She laughed and turned to me, putting down the iPad. Then, she wrapped her arms around me and I pulled her into my arms for an embrace.
“You are very sophisticated,” she said and kissed me. “Beat off does sound so much better.”
We stood like that for a few moments, our foreheads pressed together.
“Is everything okay now?” I asked, not wanting to let things drop if she still felt guilty or upset about finding me masturbating. "You're feeling better about the whole fake email thing?"
“Everything’s fine,” she said softly. “Everything will be fine.”
I nodded and buried my face in the crook of her neck, inhaling the scent of her hair, the trace of her perfume, and a definite baby-momma smell.
“Let’s go to bed,” I said and led her into our bedroom. “I’m tired and the dragon is out of fire.”
So we did. She crept in beside me once I was naked except for my boxer briefs, and we spooned, her back pressed against my body, my arm around her waist. Sleep was a long time coming for me, for I was trying to figure out what Lisa had done to make it look like I wrote her personal emails. Damn… She was a nutcase. A very dangerous nutcase, but still insane if she thought any of this was going to win me over.
I tried to blank my mind of thoughts about Lisa and the case, but it was hard. In addition to thoughts about Lisa and the police, I still had a bit of blue balls, a sweet ache in my body that spoke of unmet need, but I had Kate.
That was everything.
Chapter 4 : Kate
The night went as usual, with Drake getting up in the middle of the night to feed Sophie one of the bottles of expressed breastmilk that was stored in the freezer. I stayed in bed, although I could have given Sophie a feed because my breasts were getting quite hard and full of milk. She’d want another feed in a few hours and I’d be mor
e than ready by then.
When I woke several hours later to the sound of Sophie making noises on the baby monitor, not quite upset but starting to work up to a cry, I left Drake sleeping and slipped out of the bed. I took a quick pee before I went to get her.
Inside her bedroom, the early morning sunlight was peeking through the blinds and she looked like a little angel in her crib, her eyes wide open, her arms flailing around when she saw me. I smiled and picked her up, then sat on the glider chair beside her crib and proceeded to feed her. She ate hungrily from one breast and then the other, stopping only for a brief time, during which she cried lustily as if the worst thing in the world had happened when I pulled her off the nipple for a burp.
When she was finished, she was ready for a change, and then I laid her back into her crib, pacifier in her mouth, and she went back to sleep. She was usually sleepy in the early morning, and today was no different.
I yawned and went back to our bedroom, only to find the bed empty and Drake gone. I checked in the bathroom, but he wasn’t there as well. Then I remembered the Herald magazine’s online edition. Maybe Drake was checking it out.
I also remembered the whole email business and of course, my day went from great to bad.
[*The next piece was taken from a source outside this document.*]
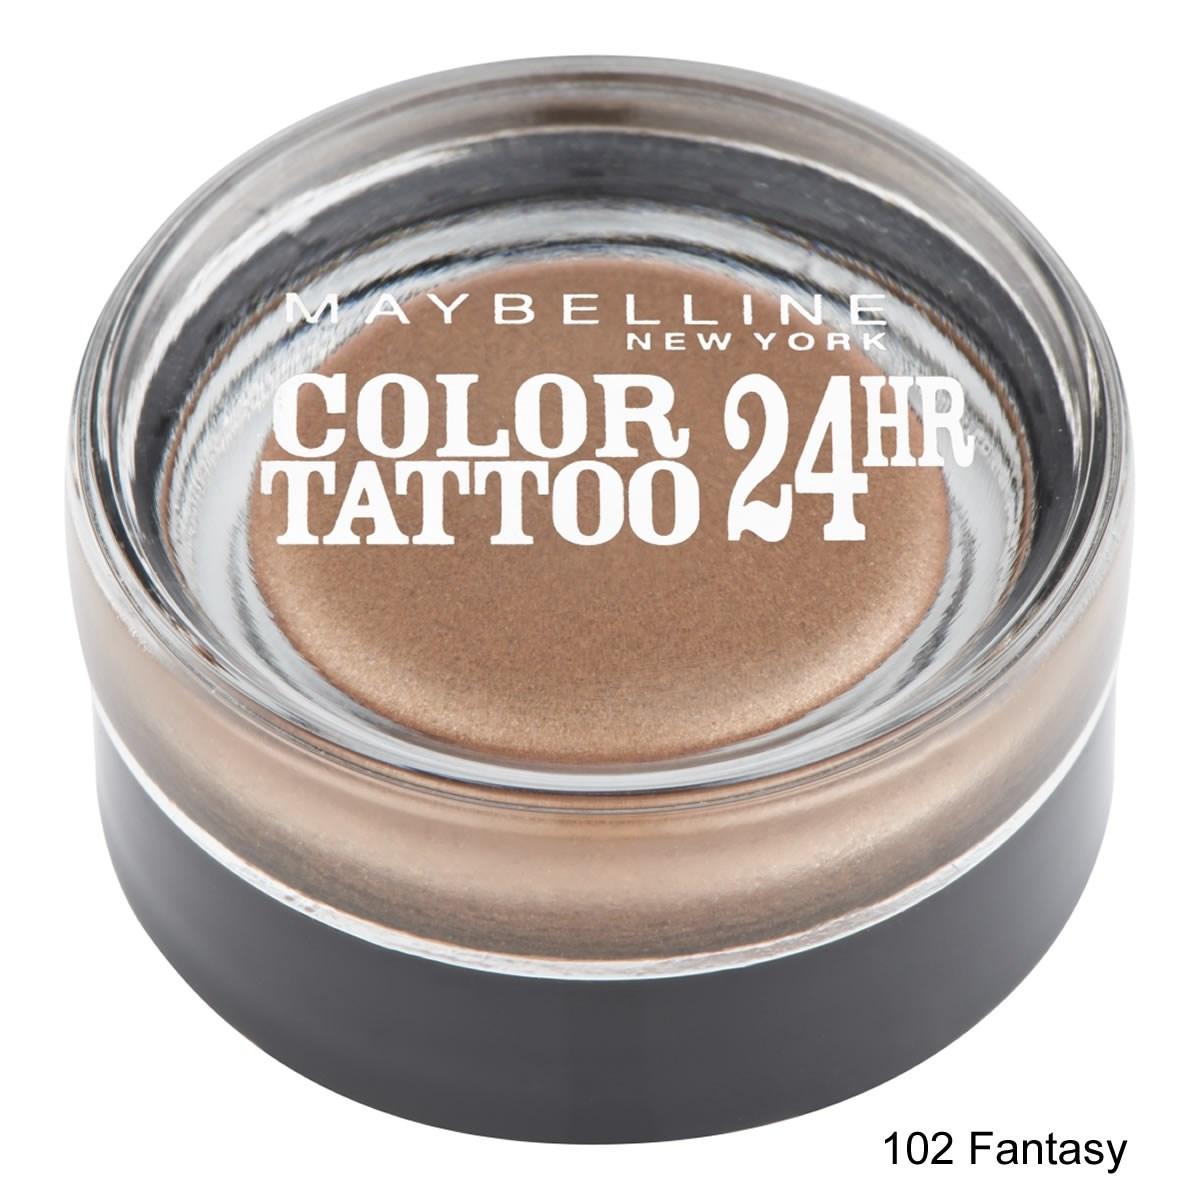 eChemist.co.uk | Maybelline Color Tattoo 24Hr Gel-Cream Eyeshadow
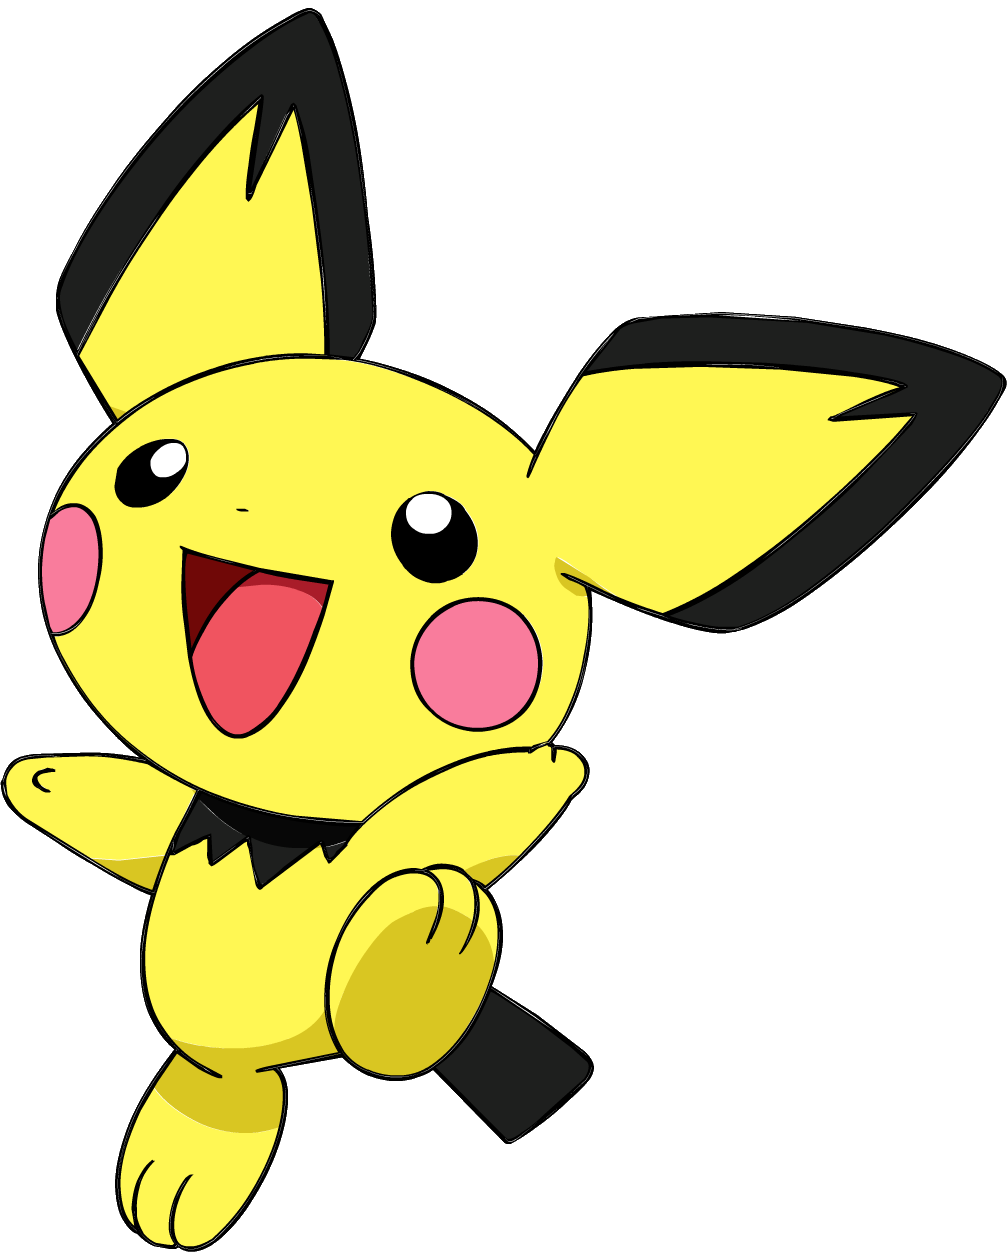 Image 172pichu Os Anime 3 Png Pok 233 Mon Wiki Fandom Powered By Wikia

I didn’t want to believe he wrote her any email, even innocuous email that she could twist to her own devices. I wanted to trust Drake.
So I did. I put the email issue out of my mind. I was sure when we got the chance to see the email, Drake would know they were fake. I thought about my own email program and was sure I couldn’t just go in and change them. They had to be forgeries of some kind.
I went downstairs after I finished washing up a bit, brushing my hair and teeth, and found Drake sitting on the sofa, his laptop open, a browser with the latest edition of the Herald open.
He was reading, leaning close, his eyes moving over the screen.
“How bad is it?” I asked and laid my hand on his shoulder, squeezing softly to offer him some comfort.
“Bad enough,” he said, his voice low. He kept reading, so I went into the kitchen where Drake had the coffee brewing and squeezed myself a glass of fresh orange juice. I opened a cupboard and found some bread and popped two slices into the toaster, planning on having toast and eggs for breakfast.
“Would you like some scrambled eggs?” I asked Drake.
There was a pause. Finally, he responded. “Maybe some Hemlock would be better.”
I frowned at his reference to Socrates’ choice of poison. “Is the article that bad?”
I brought in a cup of coffee for Drake and placed it on the coffee table. I tried to read the article over his shoulder, but the text was small. All I could make out was a line about him being a renowned neurosurgeon who was one of only a very few performing specialized robotic surgery for movement disorders.
“What did they say? Did they mention Sunita?”
Drake flipped through a few screens to another page with a pic of the back of Sunita’s thighs, which had long welts on them. I had to admit I felt a little sick to see those welts. Had Drake done that to her? It made my throat choke.
“Did you do that?” I said, my voice barely audible, my throat dry.